Ожидание небывалой забавы стало сменяться равнодушием ожидающих опаздывающего поезда, кое-кто из нетерпеливых и предприимчивых убрался восвояси. Странная апатия стала водворяться в толпе.
На все расспросы милиция и курсанты отшучивались — дескать, история в руках начальства.
Вот эти часы вечернего неопределенного стояния у холодной реки под весенним небом были свидетельством нерассуждающей преданности и революционной идее, и Владимиру Ильичу. Если бы не он, так бурно перемешавший всю жизнь в России, их родители навряд ли могли бы встретиться, а стало быть, и им, стоящим и поющим здесь сейчас, не суждено было бы родиться. Одного этого сознания хватало на то, чтобы питать энтузиазм встречи.
Однако апрельский вечер все глубже и глубже погружался в темноту, а тысячи молодых людей в недоумение. Толпа уже переминалась вяло и бесцветно.
В конце концов решили, что ждут именно того исторического часа, когда исторический поезд должен подойти к перрону. И всем было немного неловко оттого, что никто часа этого не знал и не помнил.
Когда казалось, что терпению вот-вот наступит конец, от площади по толпе и в переулки и на набережную прокатилось: «Приехали! Приехали! Сейчас начнется».
«Красная трибуна» быстро заполнилась гостями, партийным и городским руководством, ветеранами партии, сиявшими красными носами то ли от волнения, то ли от возраста.
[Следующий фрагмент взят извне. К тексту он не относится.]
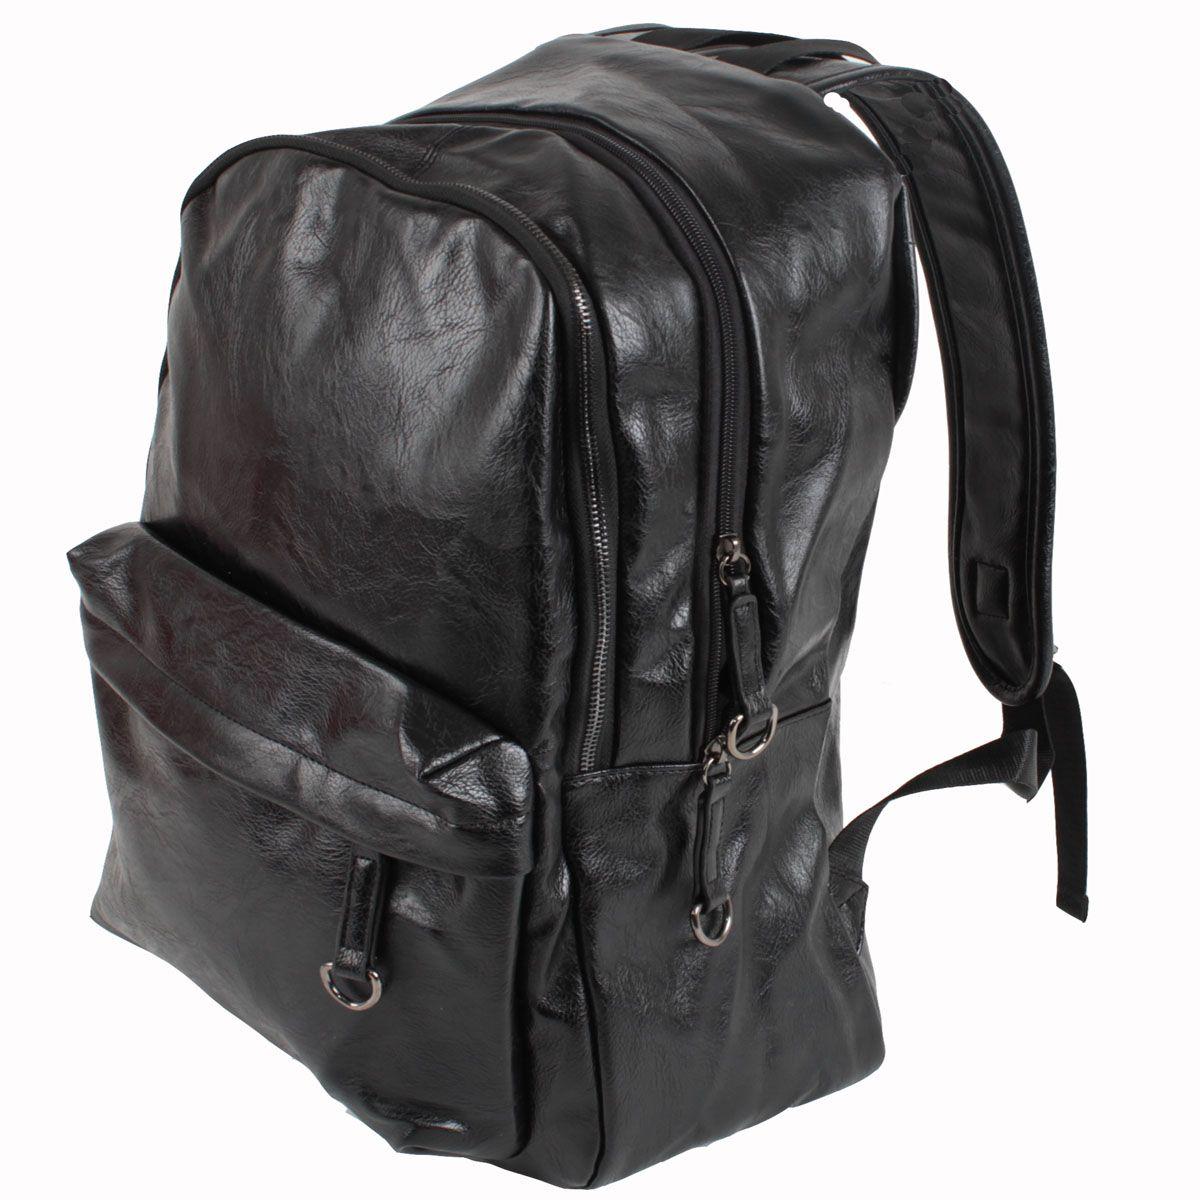 Сумка-рюкзак Flioraj, цвет: черный. 0926 черн 2018 новый кемпинг туризм открытый военный спорт открытый сумка рюкзак сверхлегкий пешие прогулки велоспорт рюкзак

На противоположной стороне площади, вдоль здания Калининского исполкома было черно от поблескивающих лаком начальственных легковушек.
Как и было задумано по плану Болутвы — Чикоруди, к микрофону на «красной трибуне» подошел Василий Сергеевич и грянул во весь голос, полным дыханием, вкладывая всю душу и страсть в каждый звук, в каждую ноту:
Вставай, проклятьем заклейменный,Весь мир голодных и рабов!Кипит наш разум возмущенныйИ в смертный бой вести готов…
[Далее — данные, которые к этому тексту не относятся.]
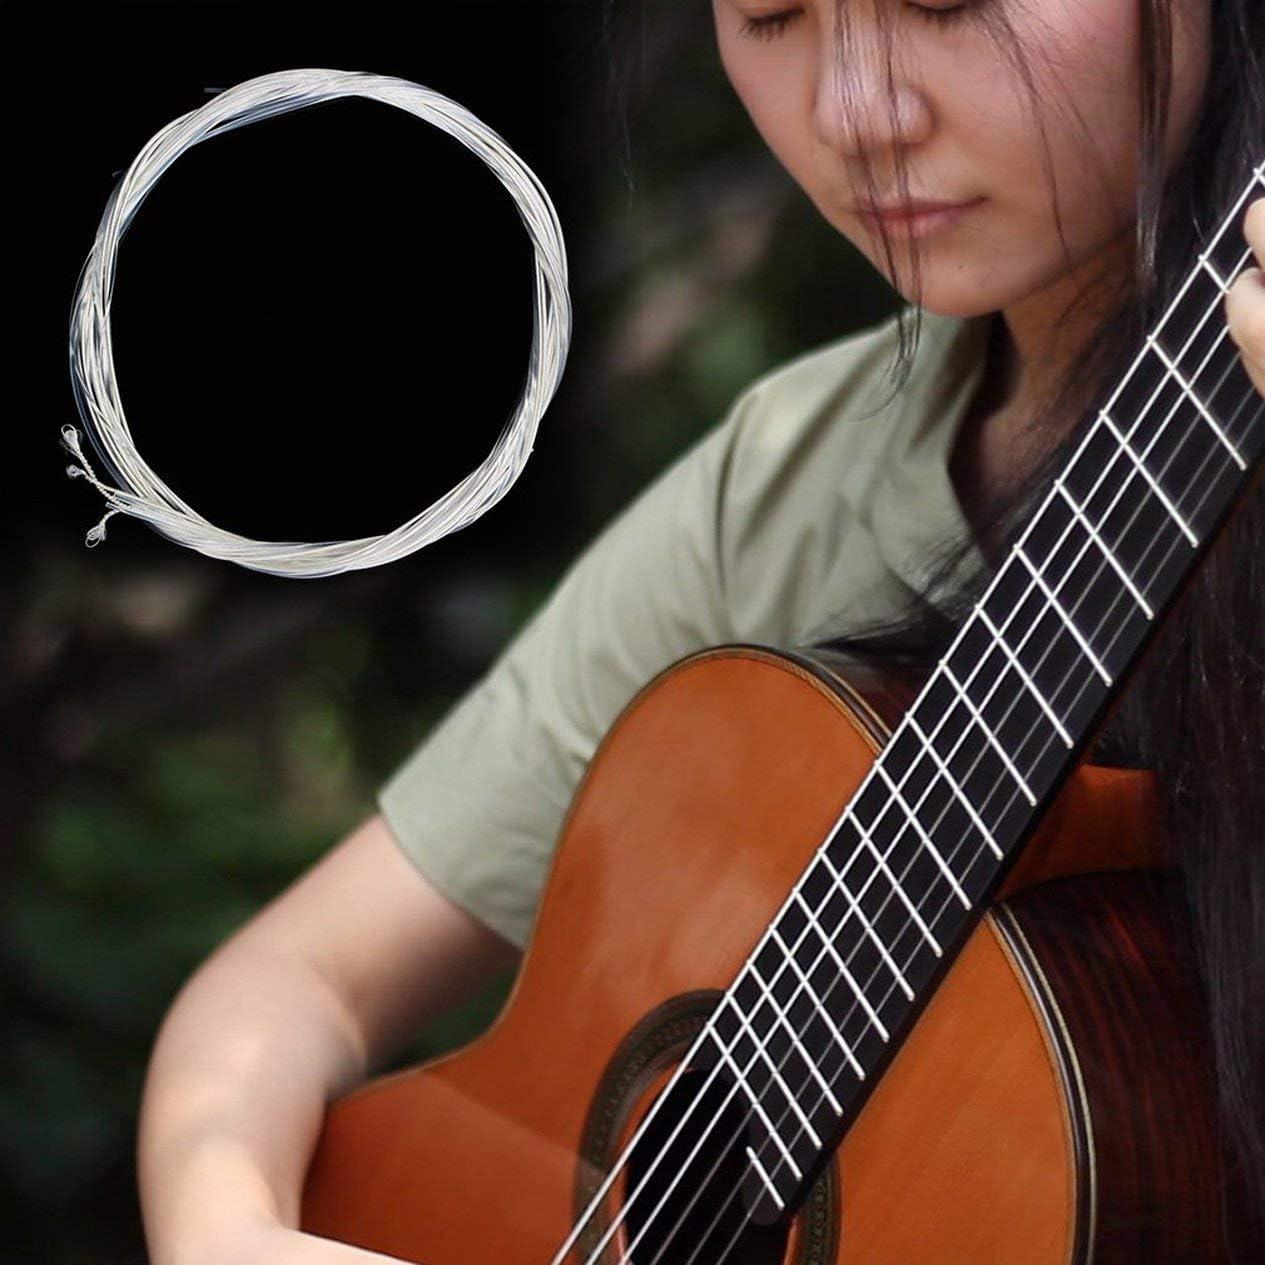 Accessoires et Parties Basses Guitarra Nylon Argent Clair et Argent pour Guitare Classique Classique 1M 1-6 EBGDAE Ironheel Jeu de Cordes pour Cordes Guitare

Певец повел головой, ожидая, что товарищи и гости подхватят песню и ему можно будет чуточку сбавить, ведь и взял так сильно только от уверенности в том, что через мгновение его голос потонет в многотысячном хоре. Но площадь перед трибуной была по-прежнему пуста, народ толпился в отдалении, а революционные старички и коллеги на трибуне лишь по-рыбьи открывали рты, их революционный шепот не достигал микрофона.